Les trois contradictions de Besancenot

Publié le par ledaoen ...




Il y a place en France pour une extrême gauche anticapitaliste qui oscille entre 5 % et 12 % des voix. Si les réformistes font bien leur boulot, s'opposent efficacement et proposent intelligemment, les "communistes révolutionnaires" se situent plutôt dans le bas de la fourchette. Dans le cas contraire, ils peuvent crever leur plafond.

Olivier Besancenot et le Nouveau Parti anticapitaliste (NPA) présentent trois contradictions, qui limitent leur champ d'expansion. Le plus célèbre facteur de France incarne à la fois l'extrême modernité dans son look, sa communication ; et le plus extrême archaïsme dans son projet et son programme. Tout le vieux logiciel trotskiste s'y trouve conservé. Le NPA veut "abolir l'économie de marché". Il ne peut pas gouverner avec les socialistes, car ceux-ci se contentent de vouloir le maîtriser et l'humaniser. Leur nouvelle "proclamation de principe" n'affirme-t-elle pas : "Nous sommes pour une économie sociale et écologique de marché, c'est-à-dire une économie de libre-entreprise régulée par la puissance publique et les partenaires sociaux ?" Horreur et damnation !

Mais si le NPA est contre l'économie de marché, pour quel type d'économie est-il ? La réponse figure noir sur blanc dans les écrits d'Olivier Besancenot : une économie fondée sur la collectivisation "sans indemnité, ni rachat" des entreprises, la régulation centrale de l'activité par le Plan, la gestion des établissements par des directeurs élus et révocables par les salariés.

On comprend, dès lors, que le programme du NPA ne s'embarrasse pas de réalisme. Ses principales revendications n'ont pas vocation à être appliquées, mais à exacerber les contradictions du capitalisme et à favoriser la prise de conscience révolutionnaire des salariés. Ce programme propose tout à la fois : l'interdiction "de tous les licenciements", l'augmentation immédiate de tous les salaires de 300 euros net par mois, "la réduction du temps de travail à 32 heures hebdomadaires tout de suite, pour toutes les entreprises, et à 30 heures très rapidement" ;"la réunification de toutes les banques, publiques ou privées, dans un seul et même pôle public", etc.

A ceux qui lui objectent que la constitution d'un tel monopole bancaire risque de mettre les particuliers et les entreprises à la merci du pouvoir, Olivier Besancenot répond qu'il ne s'agira pas d'une banque d'Etat, mais d'un service public géré par ses salariés et ses usagers. Aucun journaliste, malheureusement, n'a la curiosité de lui demander comment fonctionneraient cette auto- et cette cogestion. Ni dans quel état sortirait la société française si on lui appliquait ce remède de cheval.

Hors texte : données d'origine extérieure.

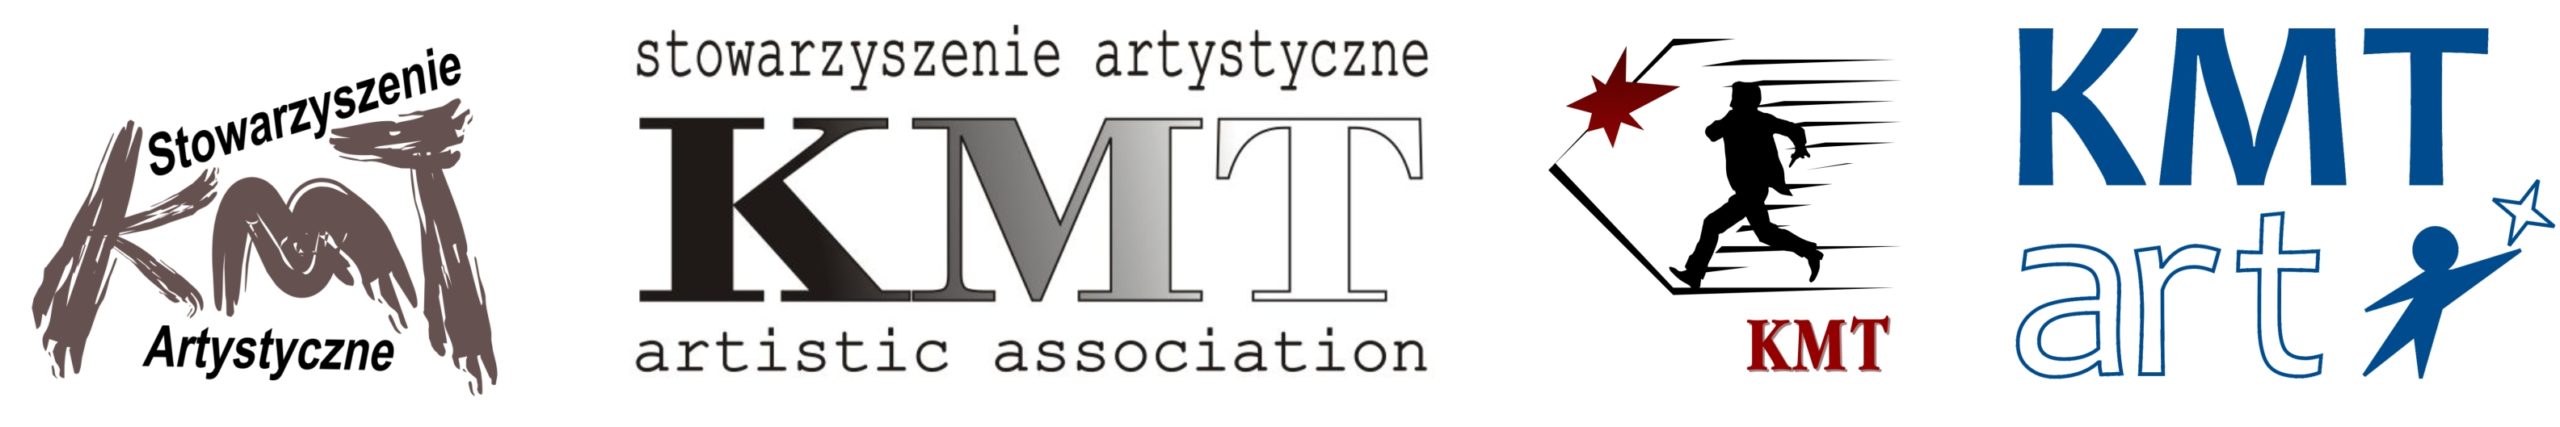 KMT_logos
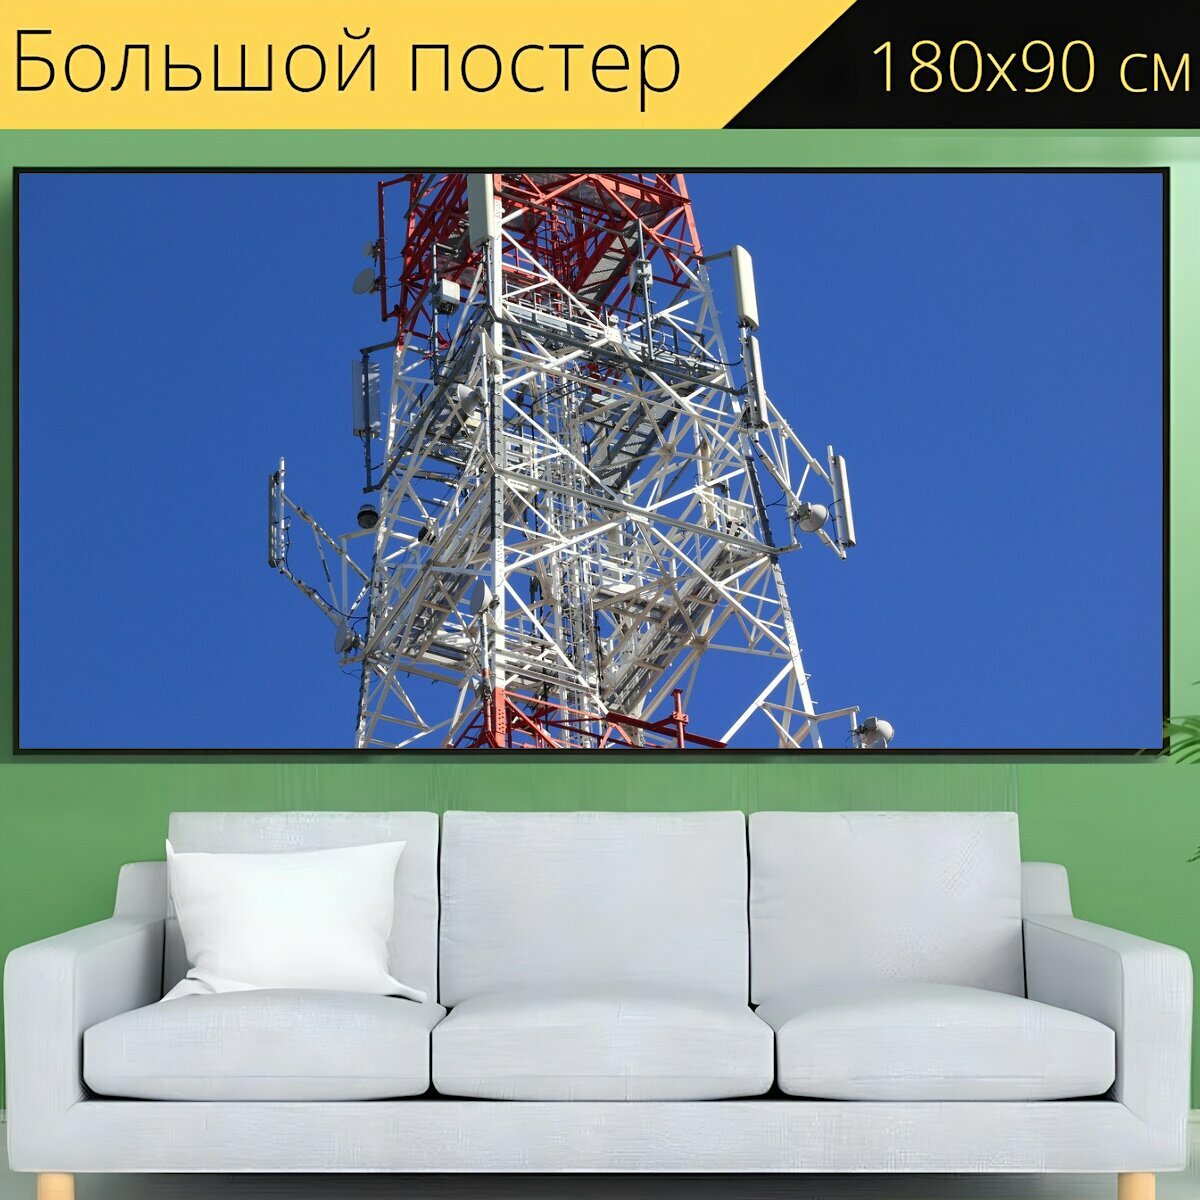 Большой постер "Польша, телеком, телекоммуникации" 180 x 90 см. для интерьера

La principale faiblesse du NPA réside dans l'inconsistance de son programme, qui n'apporte aucune réponse sérieuse pour sortir de la crise et réformer en profondeur nos sociétés. Ces réponses sont de nature sociale-démocrate, non de facture "communiste révolutionnaire". Comme après la crise de 1929, il nous faut un New Deal, écologique et continental, un nouveau modèle de développement et un nouveau type d'économie de marché, non une économie étatisée et administrée. La démocratie directe des conseils de salariés et de citoyens, l'économie étatisée et administrée sont des réponses d'un autre âge. Leur dramatique inefficacité est démontrée.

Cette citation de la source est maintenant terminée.